_Data extracts_:
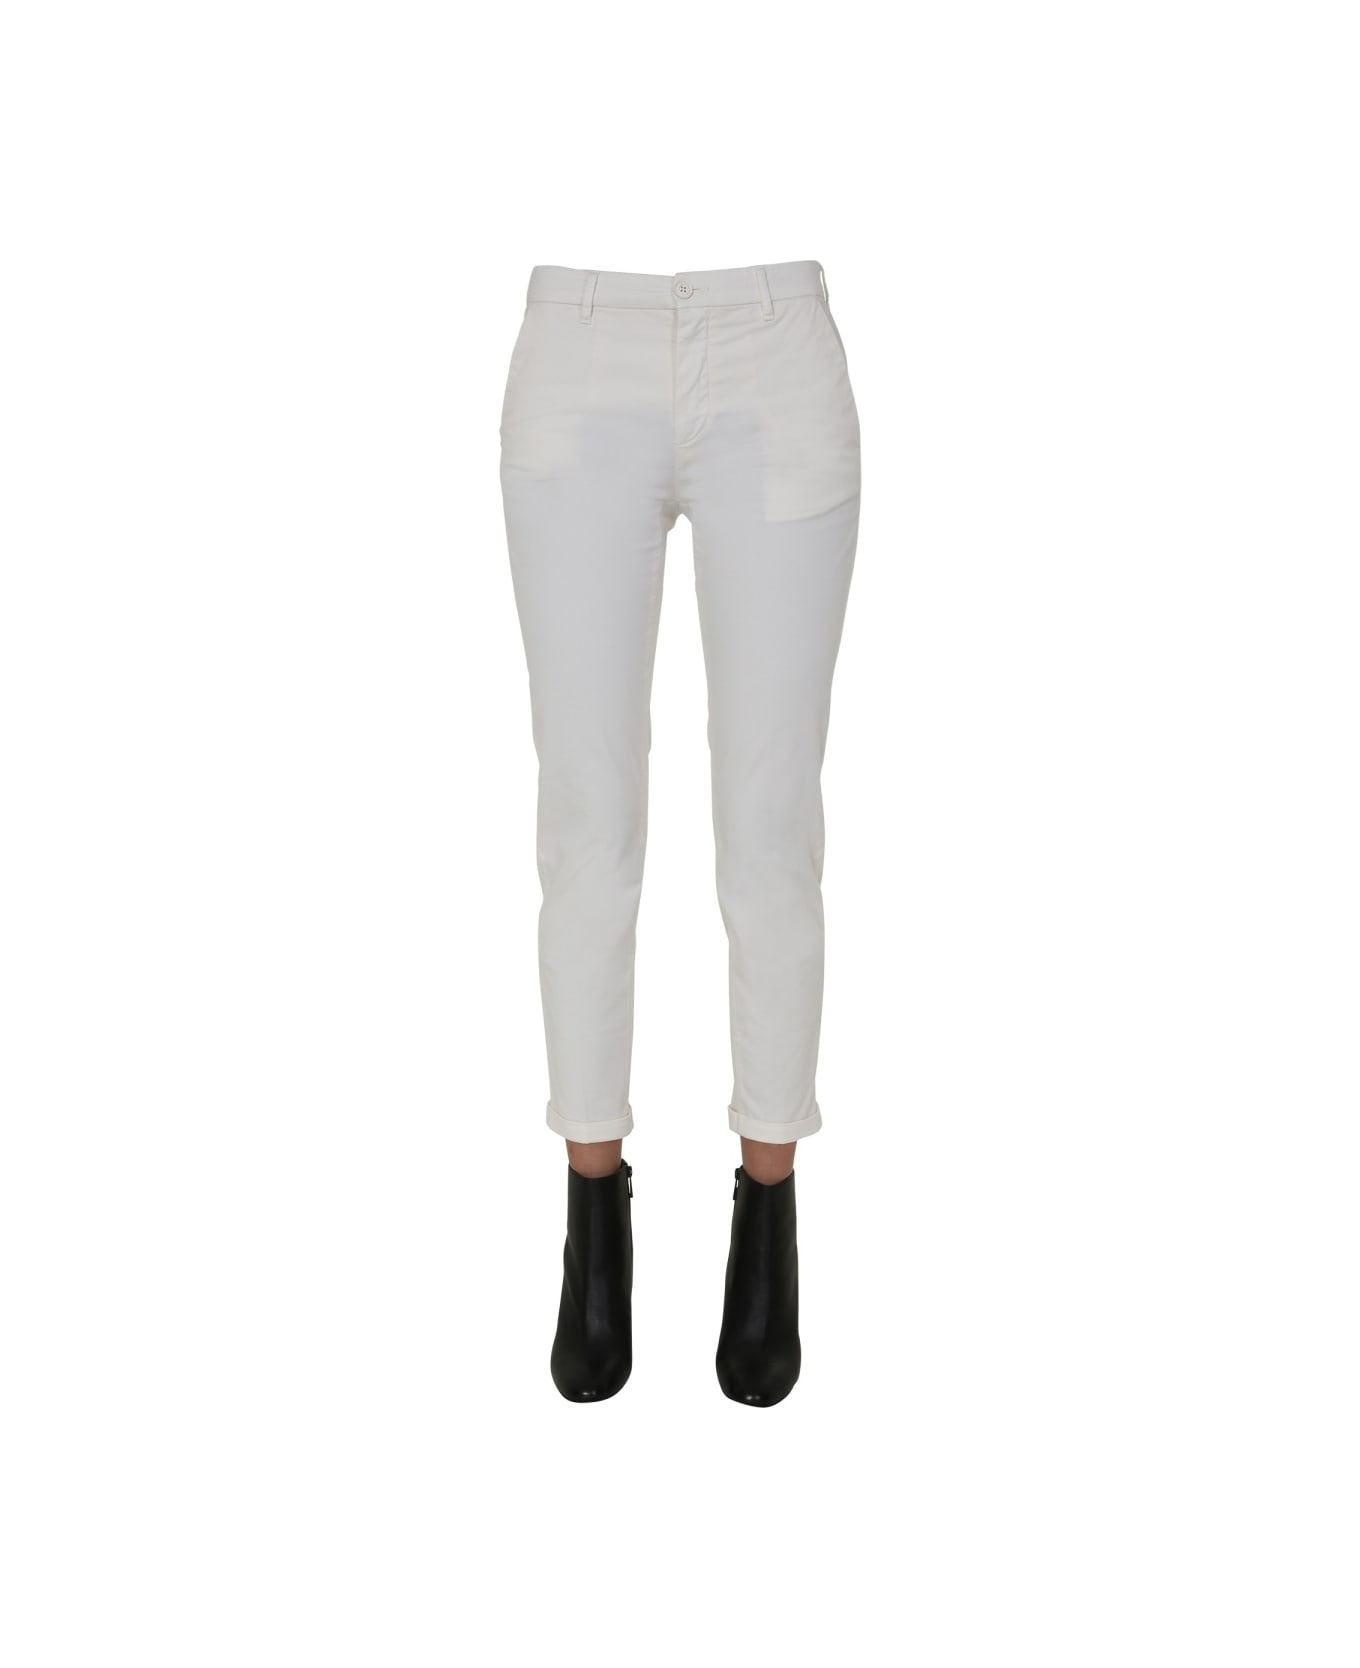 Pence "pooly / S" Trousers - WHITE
---
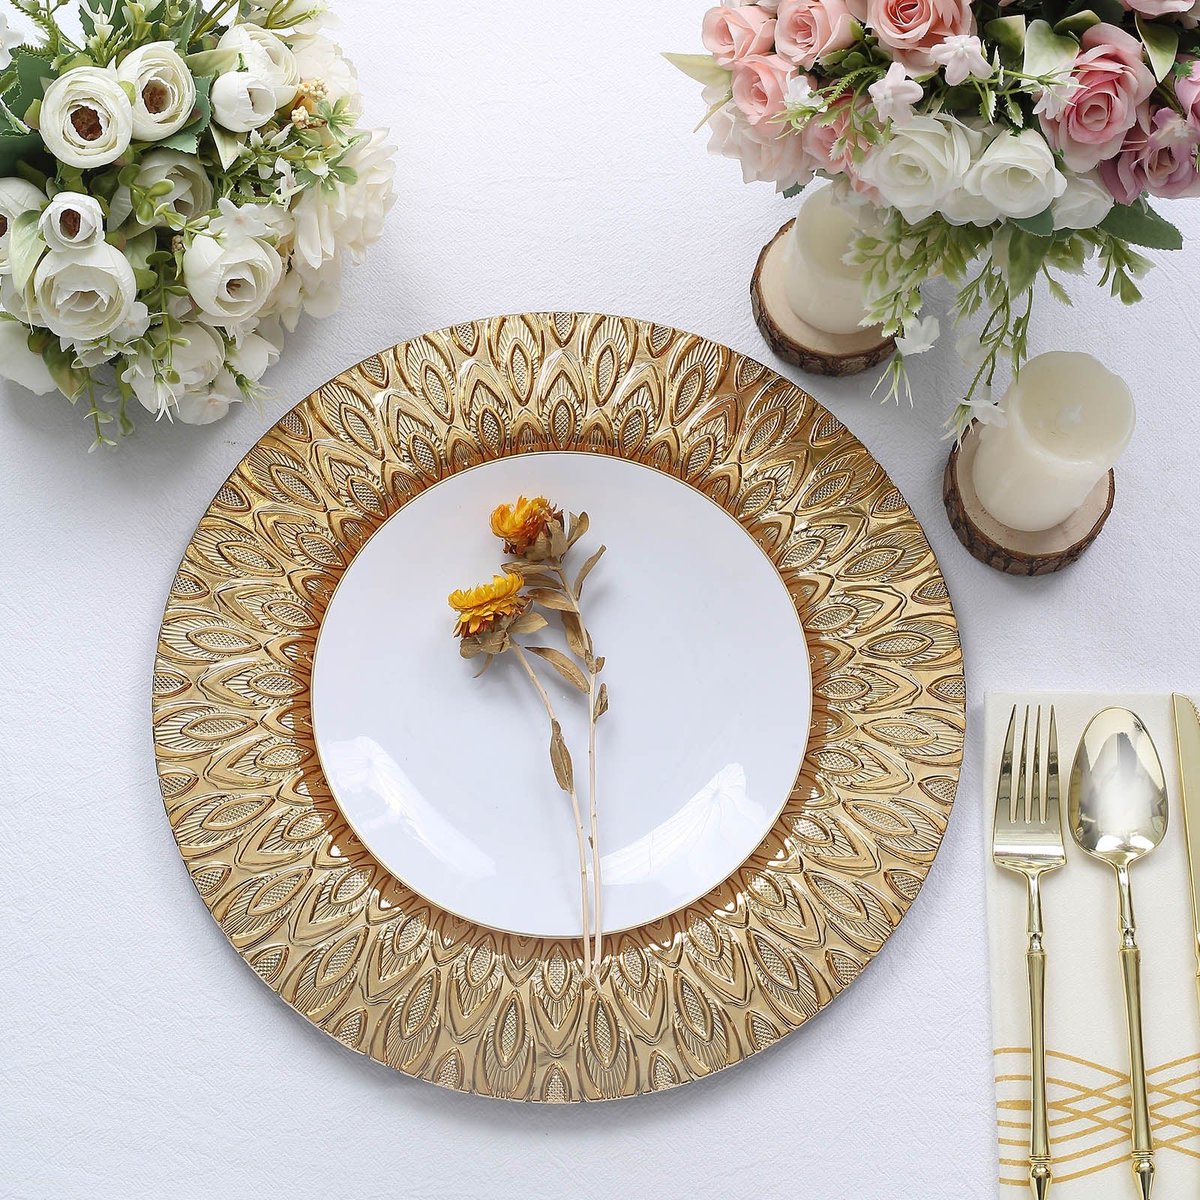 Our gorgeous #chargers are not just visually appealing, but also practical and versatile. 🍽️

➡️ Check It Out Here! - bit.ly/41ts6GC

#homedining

_Work order_: Beginning at the line above that contains "Our gorgeous #chargers" and going on through the line that contains "#homedining", please copy every line exactly, leaving the pictures out and adding nothing.

_Answer to this exercise_:
 Our gorgeous #chargers are not just visually appealing, but also practical and versatile. 🍽️

➡️ Check It Out Here! - bit.ly/41ts6GC

#homedining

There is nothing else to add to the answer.